As more and more textual data is digitally available, the need for performant and maintainable algorithms and technologies for text mining and natural language processing grows. Most approaches on information extraction (IE) can be grouped in either category of rule-based, i.e. knowledge-based, or machine learning (ML) based technologies. A large part of information extraction systems in research are nowadays based on statistical methods using models generated by ML algorithms, leaving rule-based methodologies out of the focus of modern research on IE. However, systems based on ML are still underrepresented (Chiticariu et al. 2013). Although this is not fully in-line with current trends in academic research there is strong evidence that rule-based information extraction offers huge research potential in both application and development of tools. In addition, there are many research questions, which are highly interesting for the information extraction practice, but are not addressed by academic nor industrial research.
- Expressiveness of rule and domain specific languages
- Induction and creation of rules
- Testing and evaluation of rules (including performance)
- Maintenance of rules in an industrial and productive environment
- Frameworks and tools for the management of rules and their application on large document corpora
The main focus of this short paper is to discuss the importance of domain specific languages for rule-based pattern annotation on textual data. Thereby, the focus is set on current shortcomings of pattern languages and rule-based IE in general and proposes possible research questions that address these deficiencies.

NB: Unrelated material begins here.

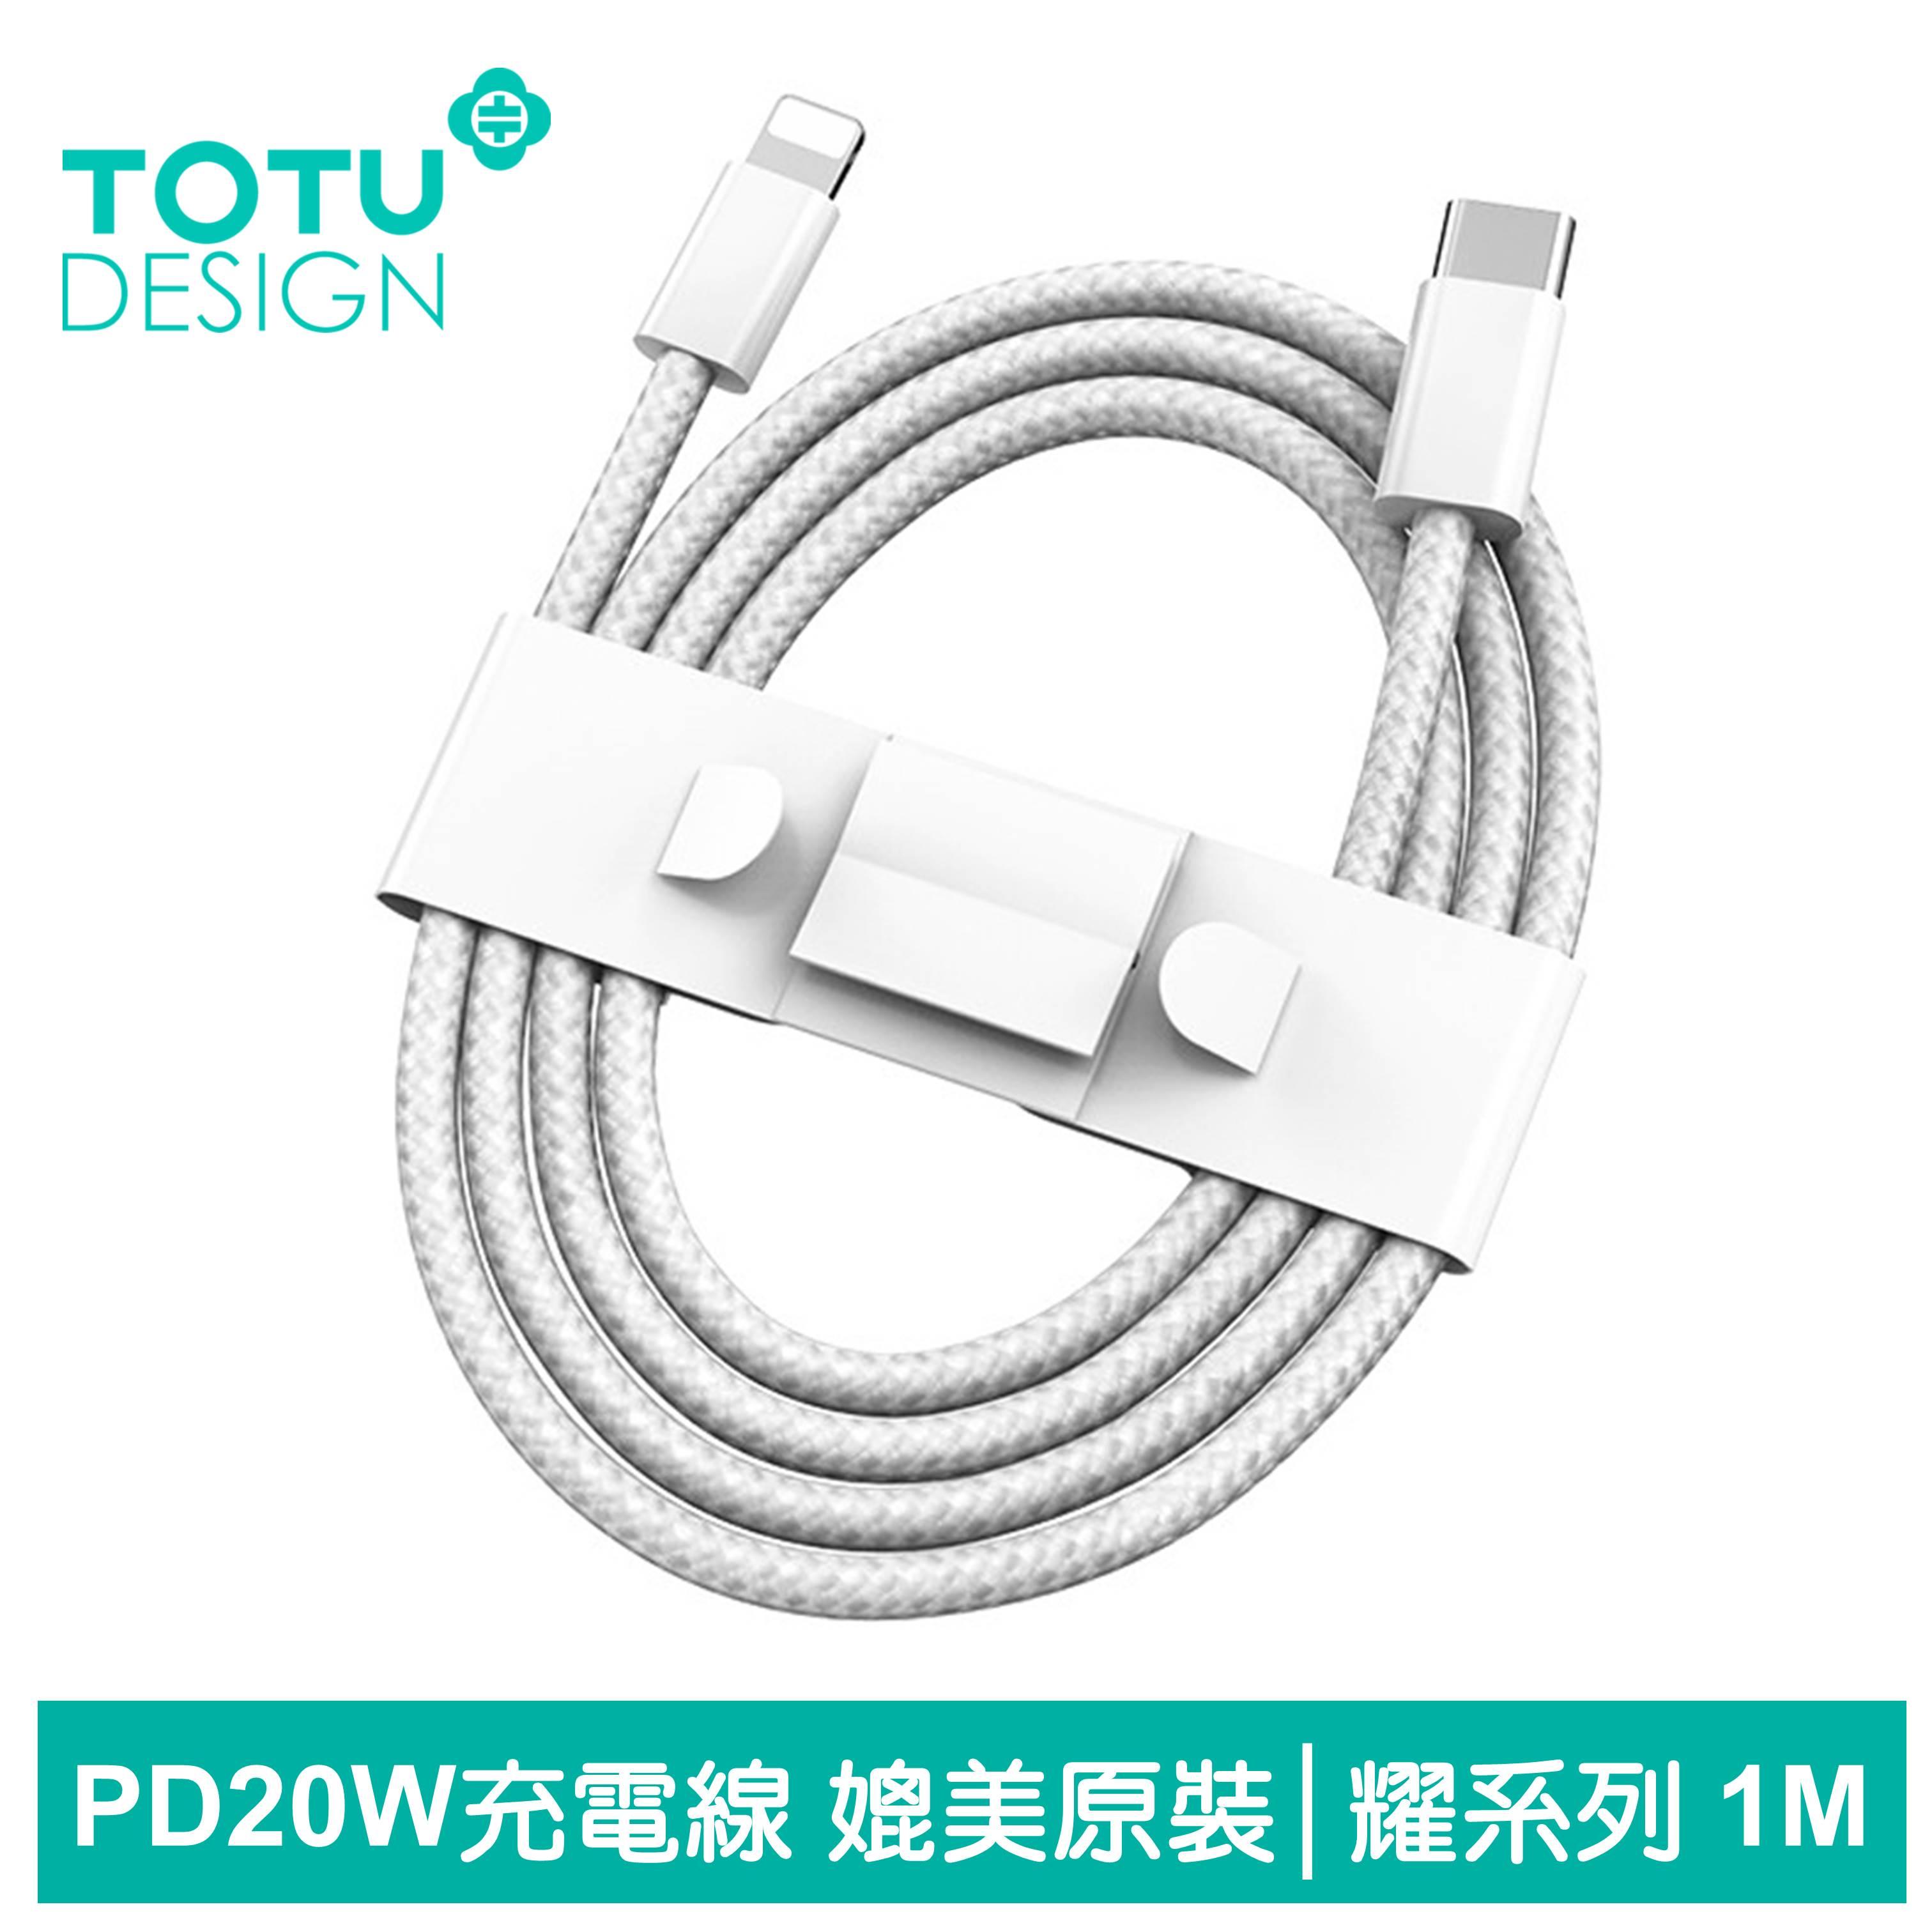 TOTU台灣官方 PD/Lightning/Type-C/iPhone充電線傳輸線編織快充線 20W 媲美原裝 耀系列 1M 白色

Advantages of Rule-based IE ^
However, rule-based and ML approaches must not be used exclusively but can complement each other very well. As supervised learning always requires (large) amount of training data, one of the first steps is to sample and create training data sets. In domains where, pre-labelled samples are scarce or non-existent, this step is a mostly time-consuming task. To extract a great number of high quality training samples, rule languages can be used. Based on their declarative nature, the knowledge engineer is free to control the resulting precision and recall by either specifying broader rules that capture more samples but also some false examples or by specifying narrower rules that result in a smaller training data set, of high quality in terms of precision. This methodology is a form of bootstrapping modern machine learning technologies and the most recent project focus on exactly this challenge. For example, the project «Snorkel» run by Stanford University3 is a framework that allows «creating, modelling, and managing training data, currently focused on accelerating the development of structured or «dark» data extraction applications for domains in which large labelled training sets are not available or easy to obtain.» The main idea thereby is called «data programming», whereas functions, i.e. rules, are used to create data sets, which are subsequently used to train powerful and flexible machine learning approaches.

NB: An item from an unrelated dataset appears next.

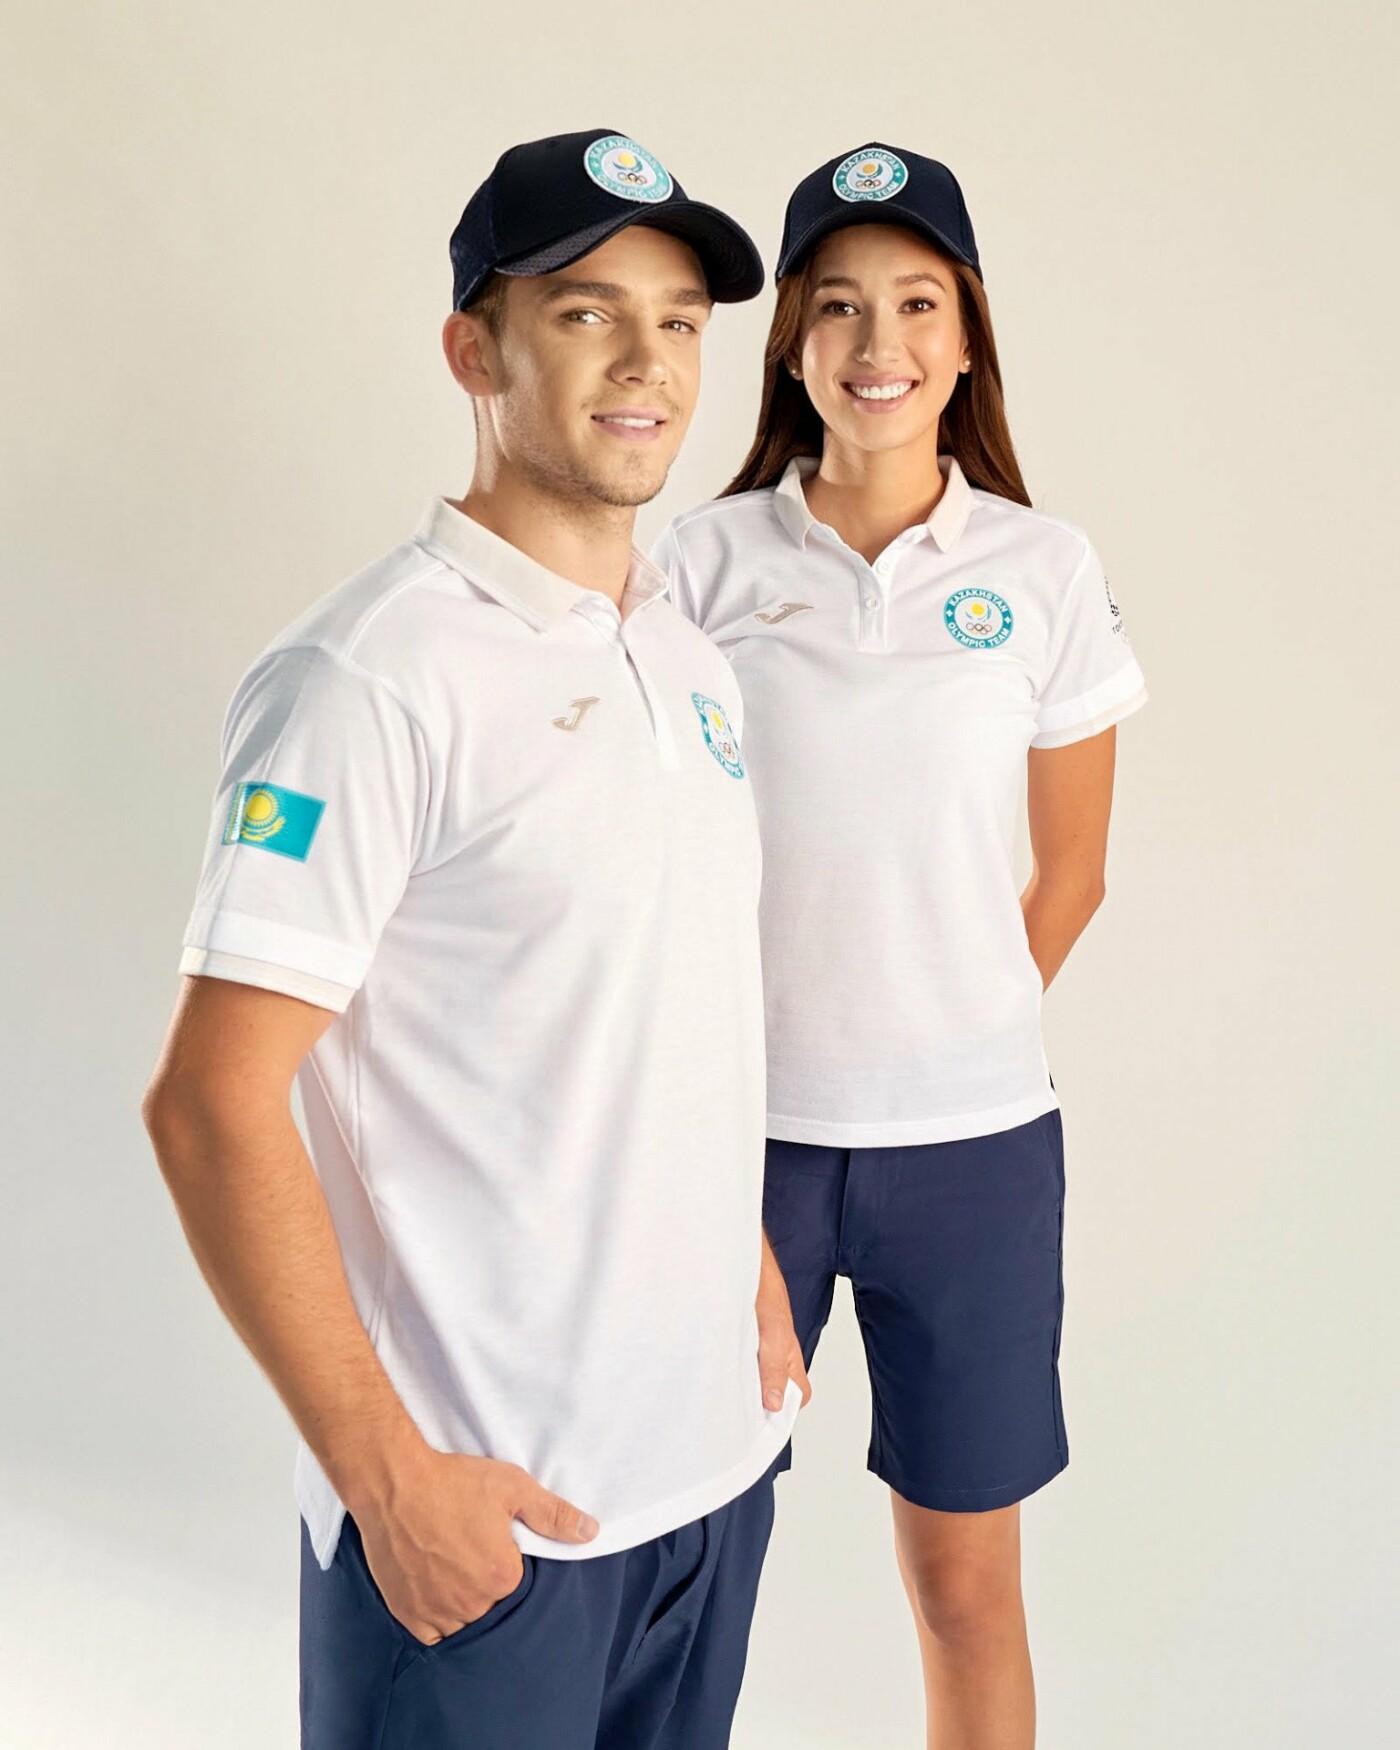 Новую олимпийскую форму казахстанских спортсменов представил НОК, фото-4

Limitations and Shortcomings ^
Although there are many advantages of rule-based IE, current state-of-the-art rule languages such as UIMA Ruta and JAPE also have several drawbacks. The declarative nature offers huge potential for directly applying domain knowledge to information extraction tasks. The tooling and syntax of these languages still prohibits the widespread use of these domain specific languages outside of the NLP community. Domain experts, i.e. end-users that have little technical background, find it hard to accommodate themselves with the syntax and quirks of the current mainstream rule languages. Consequently, the need for a joint development with domain experts, software engineers and so-called legal data scientists emerges.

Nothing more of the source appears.